Fernando Cruz Arreola,
Defendant - Appellant.
Appeal from the United States District Court
for the Eastern District of California
Morrison C. England, Jr., Chief District Judge, Presiding
Submitted August 18, 2014**
Before: HUG, FARRIS, and CANBY, Circuit Judges.
Fernando Murguia-Ochoa appeals from the district court’s judgment and
challenges the 292-month sentence imposed following his guilty-plea conviction
for possession with intent to distribute at least 50 grams of methamphetamine, in
*
This disposition is not appropriate for publication and is not precedent
except as provided by 9th Cir. R. 36-3.
**
The panel unanimously concludes this case is suitable for decision
without oral argument. See Fed. R. App. P. 34(a)(2).
violation of 21 U.S.C. § 841(a)(1), and conspiracy to possess with intent to
distribute at least 50 grams of methamphetamine, in violation of 21 U.S.C. § 846.
We have jurisdiction under 28 U.S.C. § 1291, and we affirm.

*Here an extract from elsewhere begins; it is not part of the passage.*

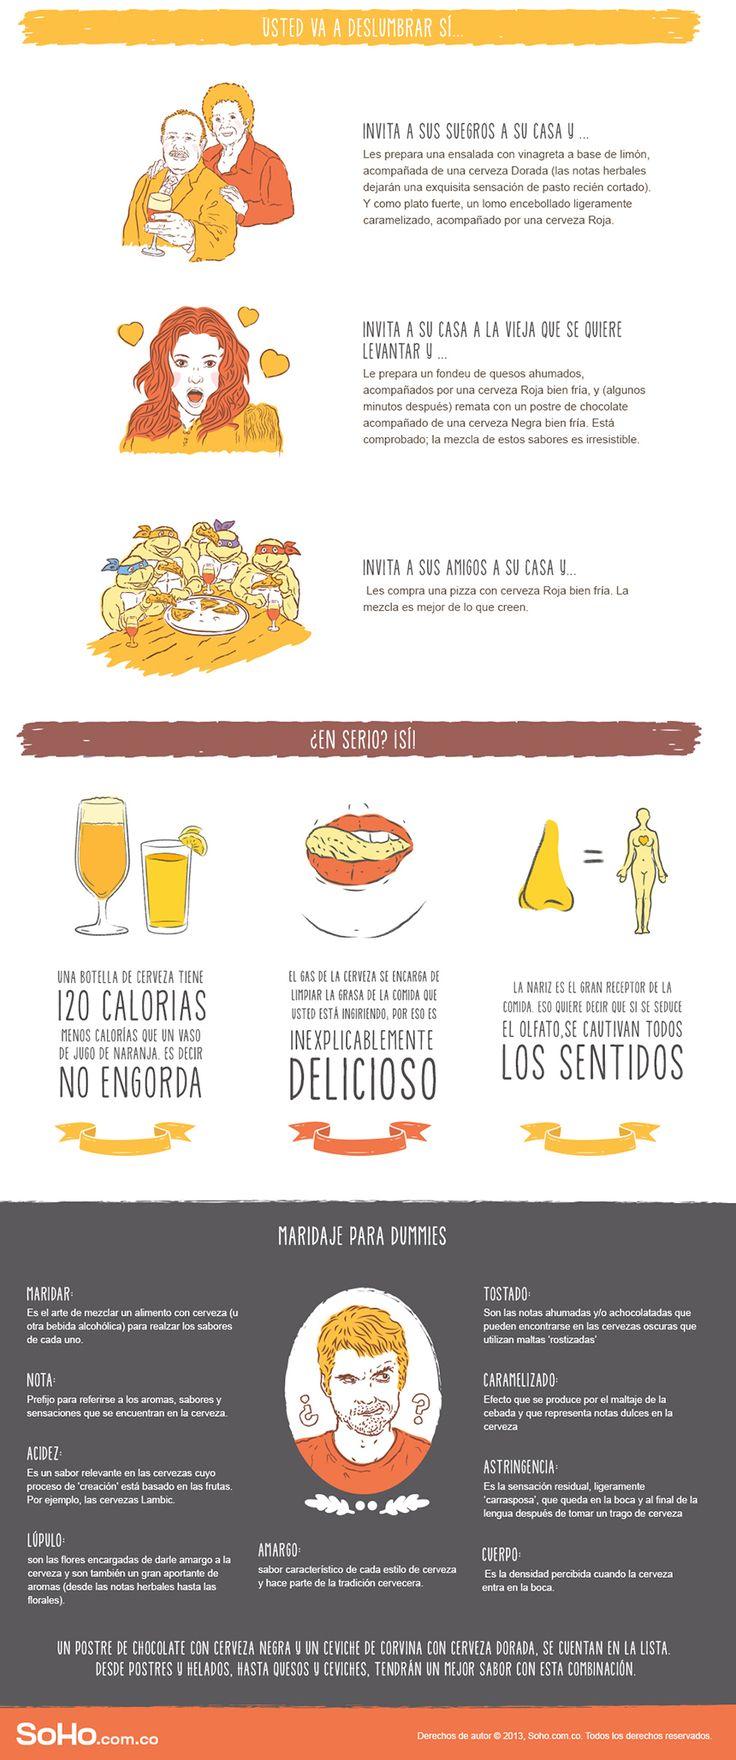 Soho - Club Colombia   Ilustraciones e infografía sobre el maridaje con cerveza. Soho.com.co - Club Colombia.  2013.

Murguia-Ochoa contends that the district court procedurally erred at
sentencing by failing to exercise its discretion and instead implementing a
categorical rule precluding consideration of post-sentencing rehabilitation in any
sentencing decision. Because Murguia-Ochoa did not object on these grounds in
the district court, we review for plain error. See United States v. Dallman, 533
F.3d 755, 761-62 (9th Cir. 2008). It was not plain error affecting substantial rights
for the district court to conclude that defendants like Murguia-Ochoa do not show
rehabilitation by refraining from criminal activity while their imprisonment
prevents them from committing the types of crimes they have committed in the
past. See Gall v. United States, 552 U.S. 38, 49-50 (2007) (recognizing that the
Sentencing Guidelines are the initial starting point and benchmark at sentencing,
but that a sentencing judge “must make an individualized assessment based on the
facts presented”); cf. United States v. Miller, 722 F.2d 562, 565 (9th Cir. 1983)
(“When a court establishes a broad policy based on events unrelated to the
individual case before it, no discretion has been exercised.”) (emphasis
added).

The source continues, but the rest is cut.